The answer should hold every line of the listing, unchanged and free of images.

### Given data
=-=-=-=-=
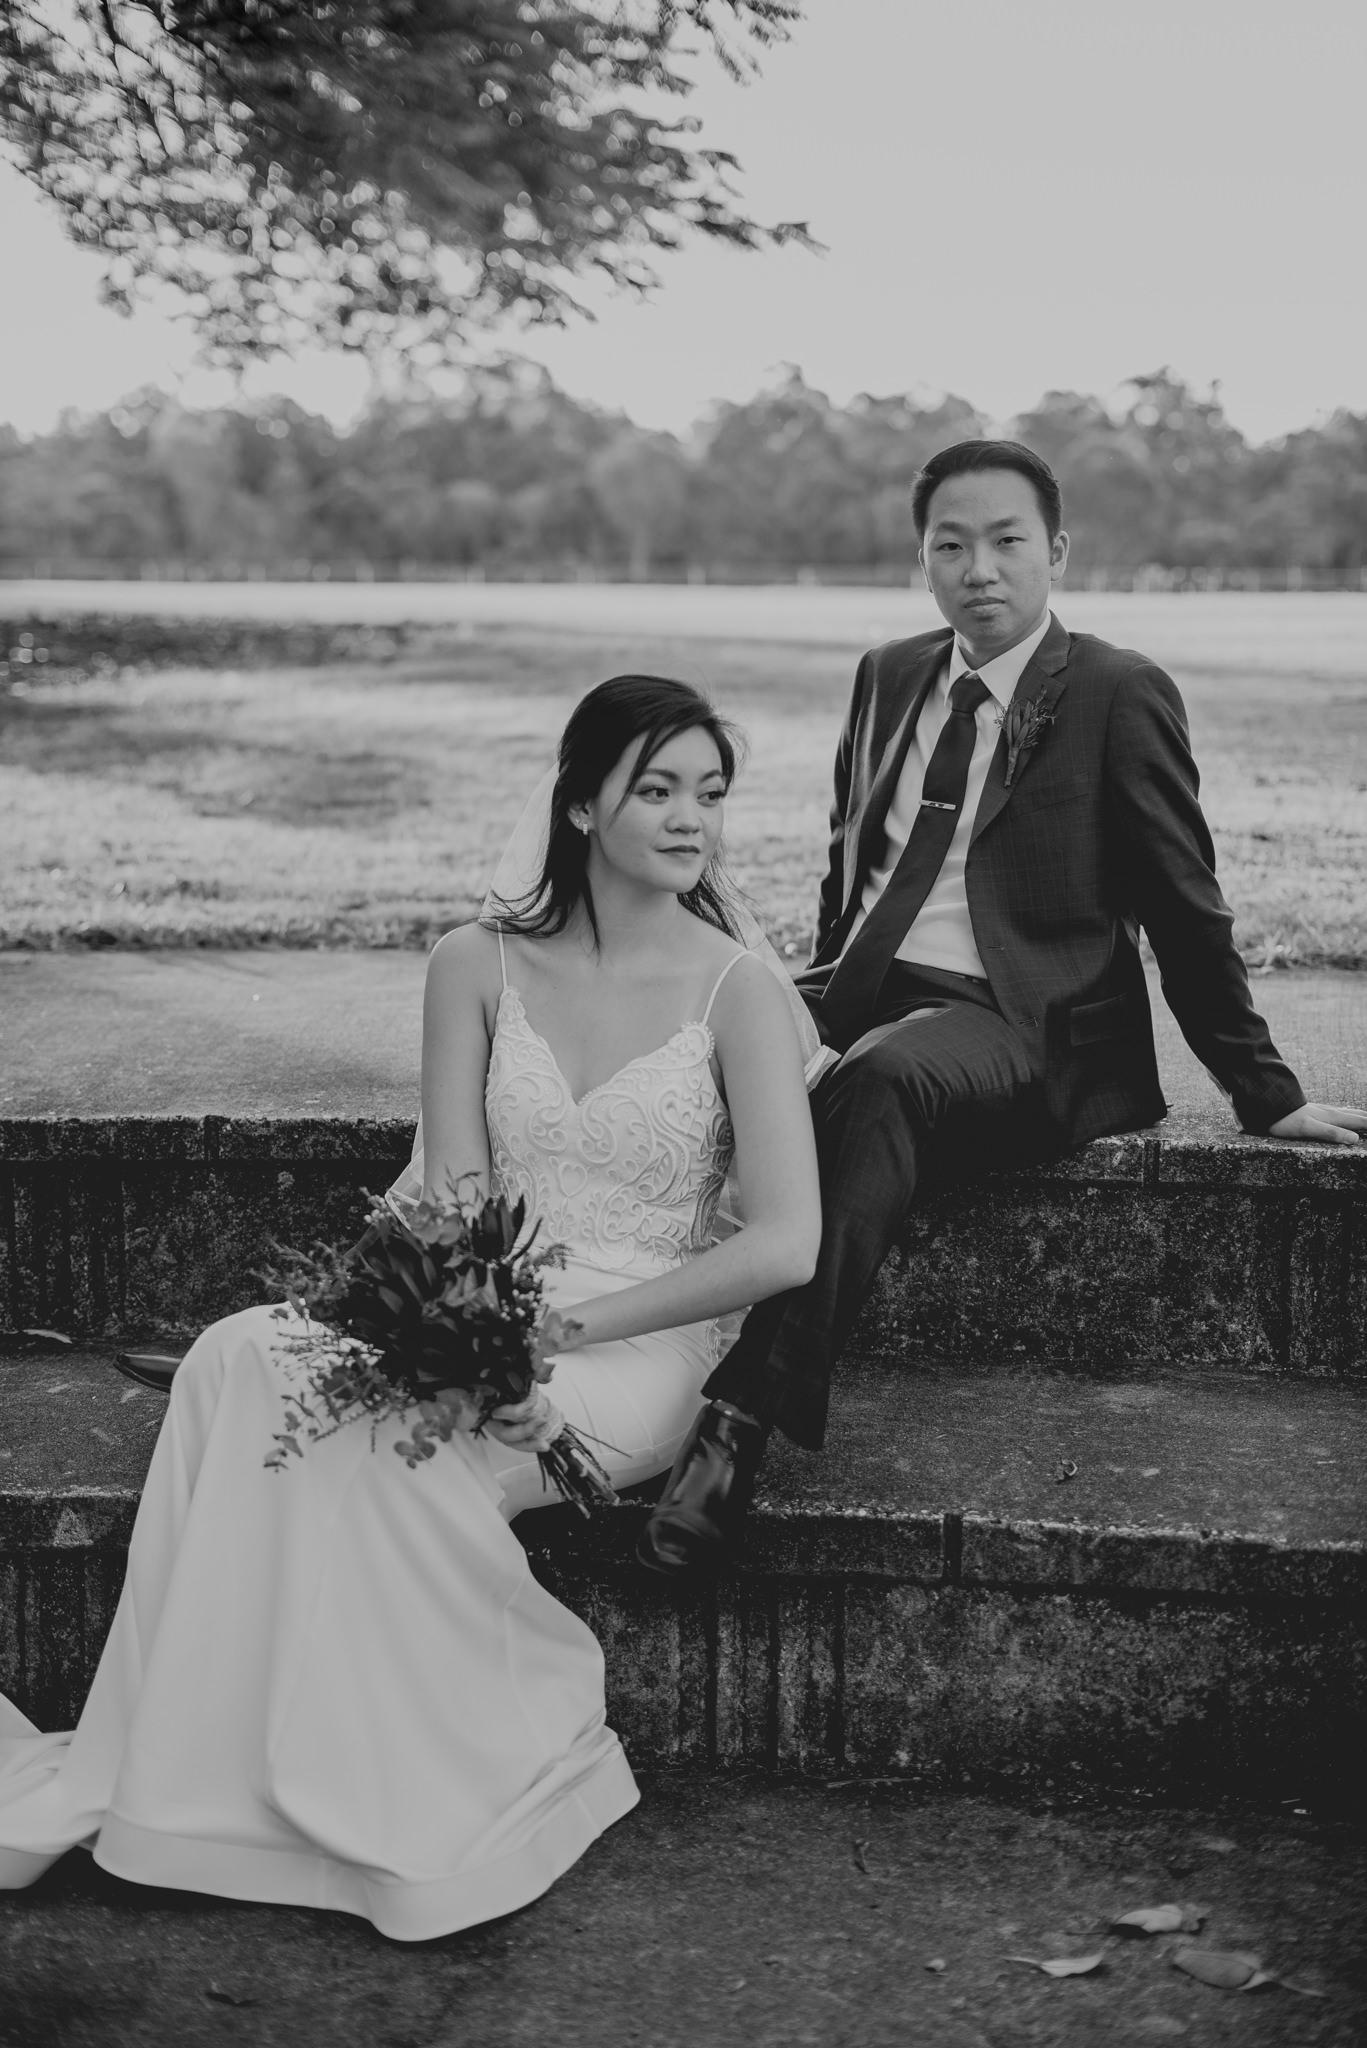 A bride and groom sit on concrete steps for a bridal portrait
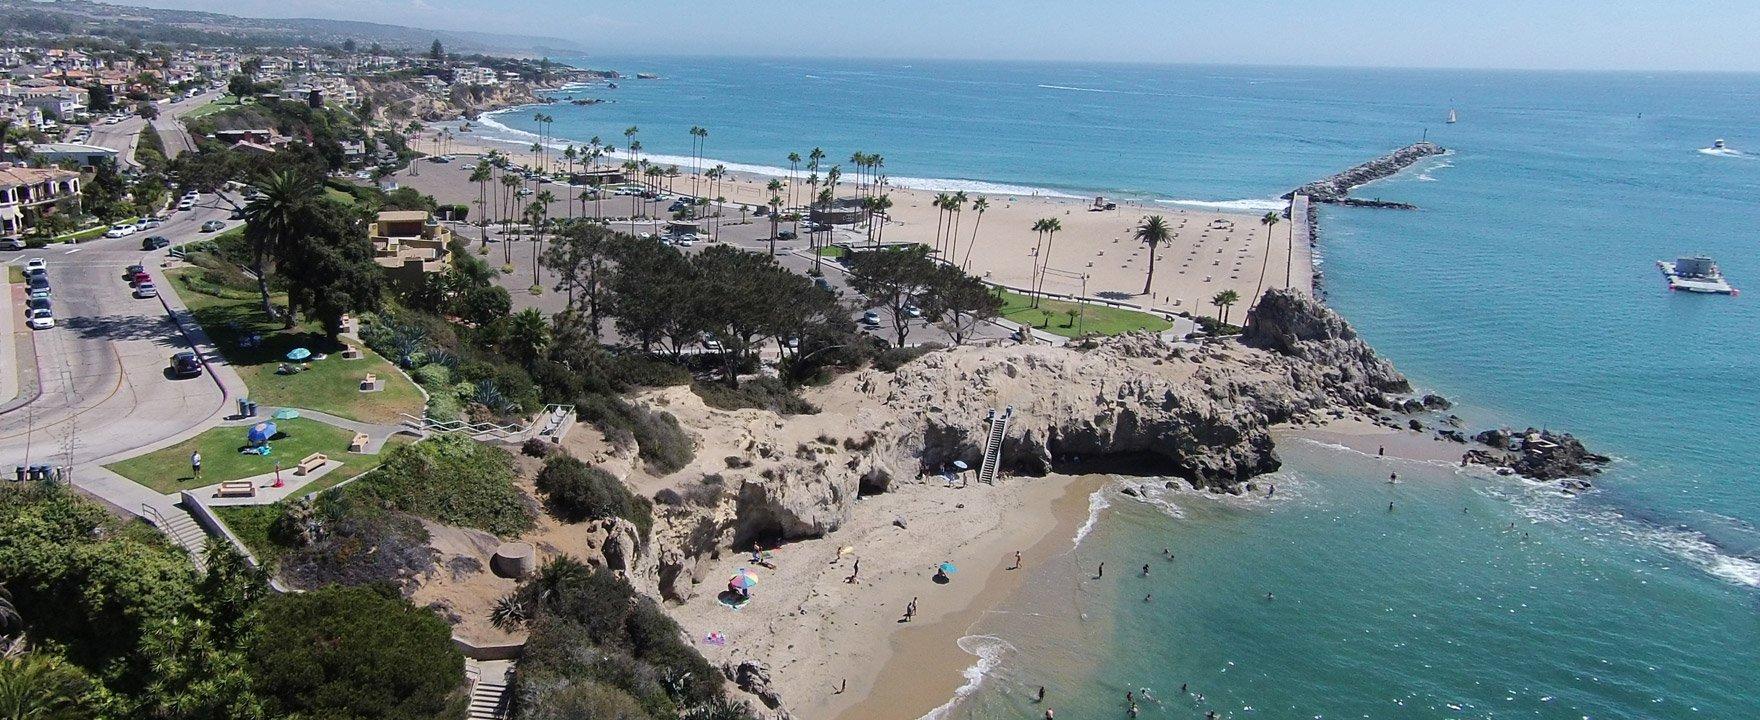 houses for sale in corona del mar california
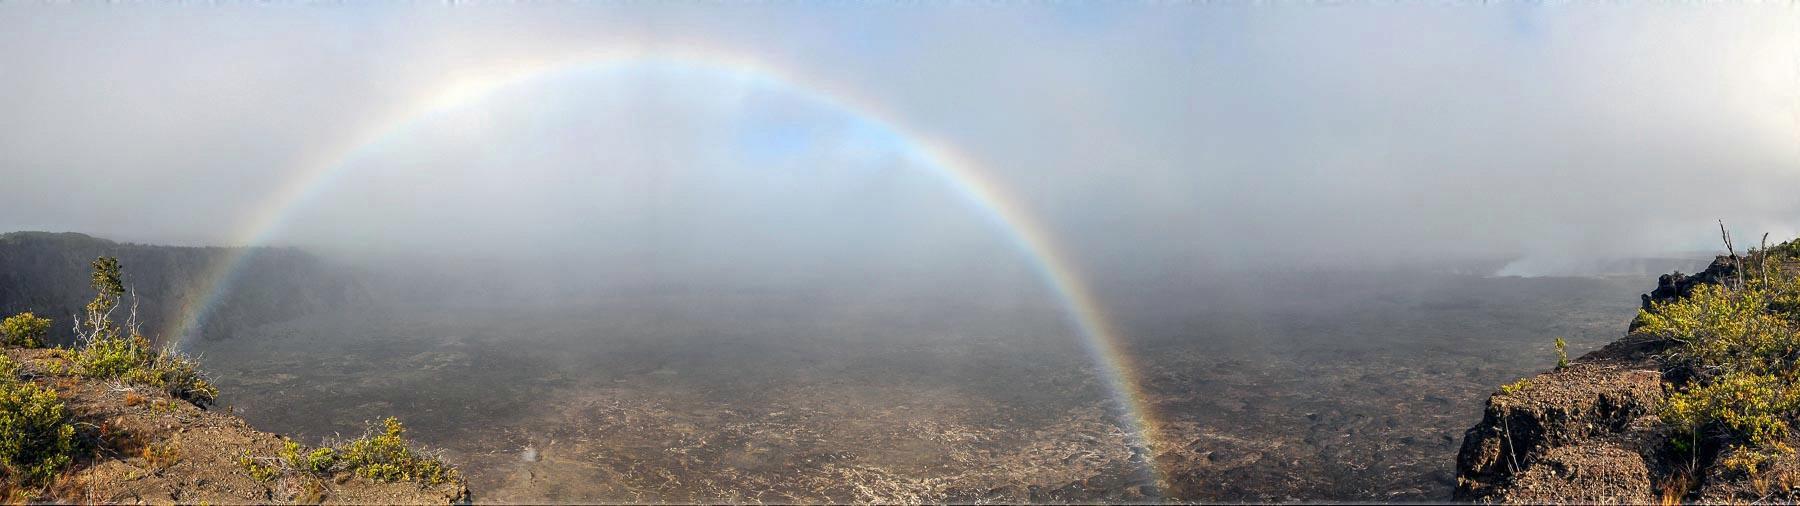 complete rainbow Kilauea Halema'uma'u Crater Hawaii
=-=-=-=-=
### Solution for this problem
 A bride and groom sit on concrete steps for a bridal portrait
 houses for sale in corona del mar california
 complete rainbow Kilauea Halema'uma'u Crater Hawaii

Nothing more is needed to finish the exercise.